Top of Page Friday Morning, April 26th: Troika meetings for North America - Speaker Input

Tom Karl

  • Discussed background and goals, 2001 Troika (U.S., Canada, Mexico) meeting.

    Objectives: Assessment/monitoring of "extremes/trends", monitoring drought across the North American continent is the first step.

    Can a DM concept be applied to N. America?

    Can we monitor it near real-time on a consistent basis and are the data available for this?

    Lay framework for action steps to get North America Drought Monitor going.

    Issues: data/tools/common periods of record/QC/near real-time production/logistics

Ted O'Brien & Brian Abrahamson

  • Went over Canada's National Agroclimate Information Services

    * Seeing many of the same climate trends that we are seeing in the U.S. and Mexico

    * Seeing less variability in wheat yields

    Early Warning:

    Feed supplies/Fire/Desertification (Environmental Degradation)/Water Supply

    * 180 stations providing data on a near real-time network (Canada's Met. Service- MSC)

    * 1 km grid interpolation from the 180 sites using ArcView and ARC IMS software

    Drought:

    60-80% of norm ppt = moderate drought OR equal or less than the 10th percentile

    < 60% = severe drought

    * in 2001, 45% of prairie livestock farms faced drought

    * water shortages in surface water supply (dugouts) for farmers widespread

    * seasonal climate predictions are very important for management decisions

    * soil moisture (% capacity) 76% of crop land is at 50% of capacity this spring

    * seeing some growth in Mesonets

    * no soil moisture/temp networks in place though. They are starting a 15 site prototype in Alberta this year

    * weekly NDVI

    Planning options:

    * climate profiles/drought definitions by ecoregions (terrestrial ecozones, ecodistricts)/modified PDSI/SPI?

    * establish a Canada Drought Centre in Regina, SK -- could partner with U.S. and Mexico (Drought Research Center, Chihuahua, Mexico) in a North America Drought Network.

    Drought Watch at PFRA

Miguel Cortes

  • No current operational drought monitoring activities at SMN. They prepare special reports when needed.

    * Until now, not utilizing indices but are looking into PDSI and SPI

    * Subjective criteria varies for drought

    * Suite of precipitation anomaly maps

    National Commission for Disaster Prevention:

    - More than one standard deviation from monthly rainfall avg. (only applied May-November)

    - Transboundary water issue is important (Rio Grande).
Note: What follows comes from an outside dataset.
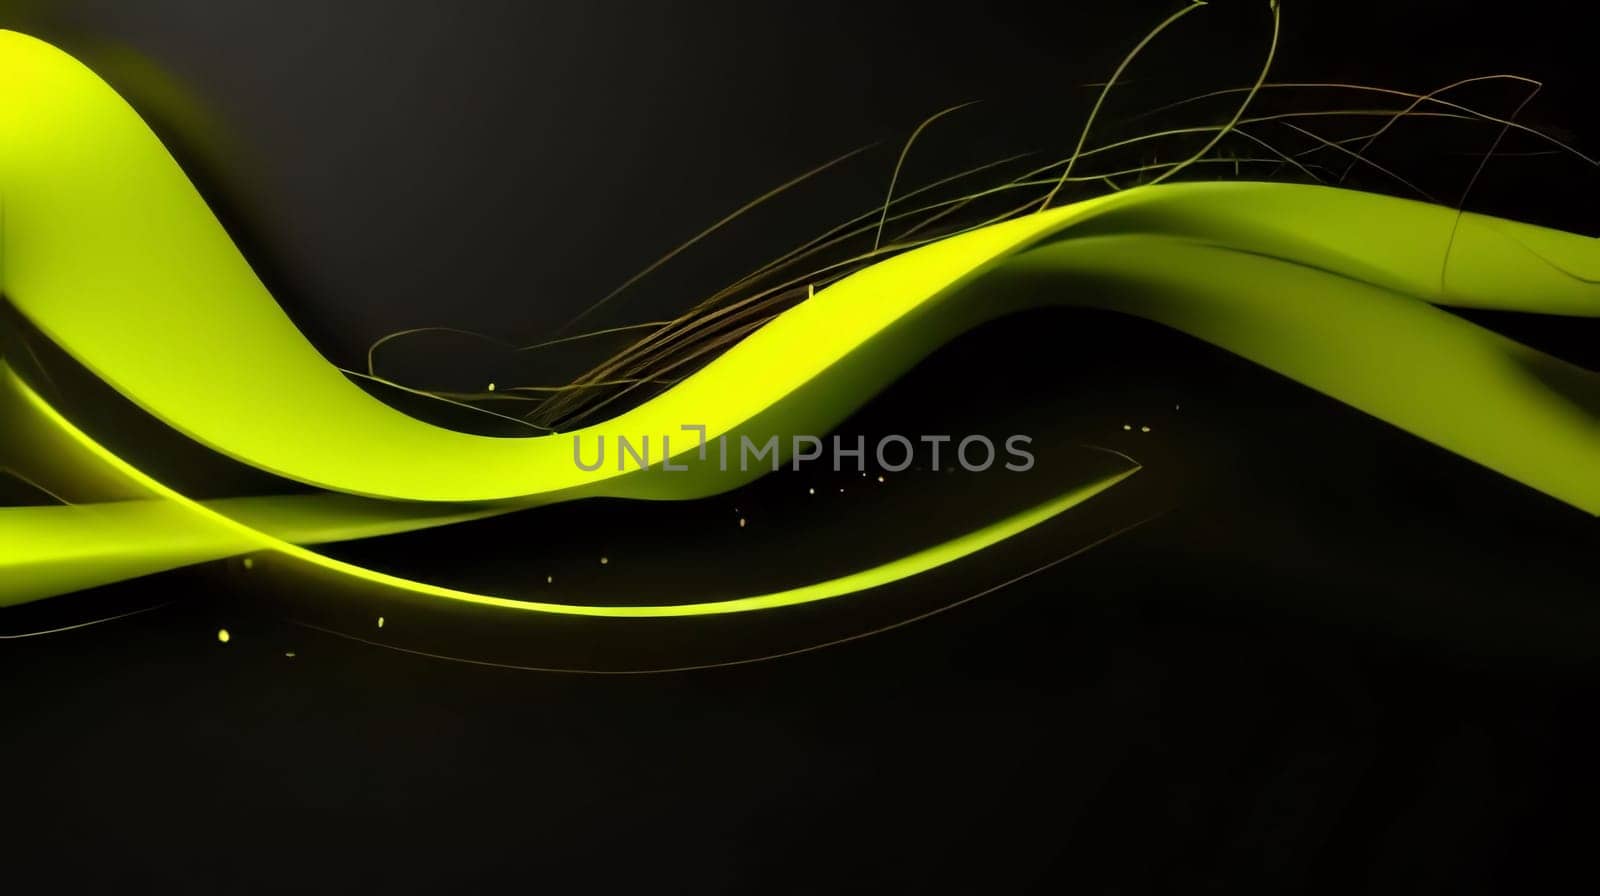 Abstract background design: abstract yellow waves on a black background. 3d render illustration

Illustrates need for common climate products and seamless integration across borders. Analysis needed by cooperating into the 21st century.

    FUTURE:

    -- incorporate indices into analysis year round

    -- identify climate stations w/ suitable data for near real-time data

    -- develop strategy plan to monitor regionally and nationally. There are 13 regions in the National Water Commission (NWC) administration.

Jay Lawrimore

  • NCDC Drought Monitoring Activities

    - Part of NCDC's State of the Climate reporting

    - Monthly and seasonal textual/graphical web-based reports

    - Comprehensive review of previous month's drought conditions throughout the US

    - A National summary and more detailed regional reviews

    - Also includes separate pages containing pertinent drought indices

    - Drought monitoring assessments are also included in the broader annual climate assessments.. BAMS and the WMO Annual Statement on the Climate

Mark Svoboda

  • A Global Drought Preparedness Network

    -- a virtual network of networks by forming regional drought preparedness networks

    -- share information and lessons learned in order to help reduce the impacts of drought

    -- INFO: policy/planning methodologies/stakeholder involvement/climate and drought indices/EWS/triggers/impact and vulnerability assessment methodologies/water supply issues/agronomic practices/mitigation and response actions

    -- organize and conduct regional workshops and longer-term training on these issues

    -- North America, South America, Sub-Sahara Africa, Mediterranean, West Asia, Australia and Pacific, Eastern and Central Europe

    -- Specifically for North America:

    * identify the principal regional/national institutions and stakeholders

    * who can organize a launching workshop for this regional network?

    * what is the scope, objectives and activities of the N.Am. network?

    * what are the potential sources of financial support?

    * who can work w/ the NDMC/IDIC in the development of a regional network/web site?

Walter Skinner

  • * Approximately 150 sites w/ precip/temp through 1998, back to the 1920's, some as early as 1895; most Canadian stations are along the U.S. border

    * PDSI analysis in Canada and North America (continental patterns of PDSI )

    * Basically, trend has been statistically significant to a wetter regime

    * Year to year spatial PDSI match well at the U.S./Canada border

Phil Englehart

  • Warm season droughts in the Central U.S. (April-September)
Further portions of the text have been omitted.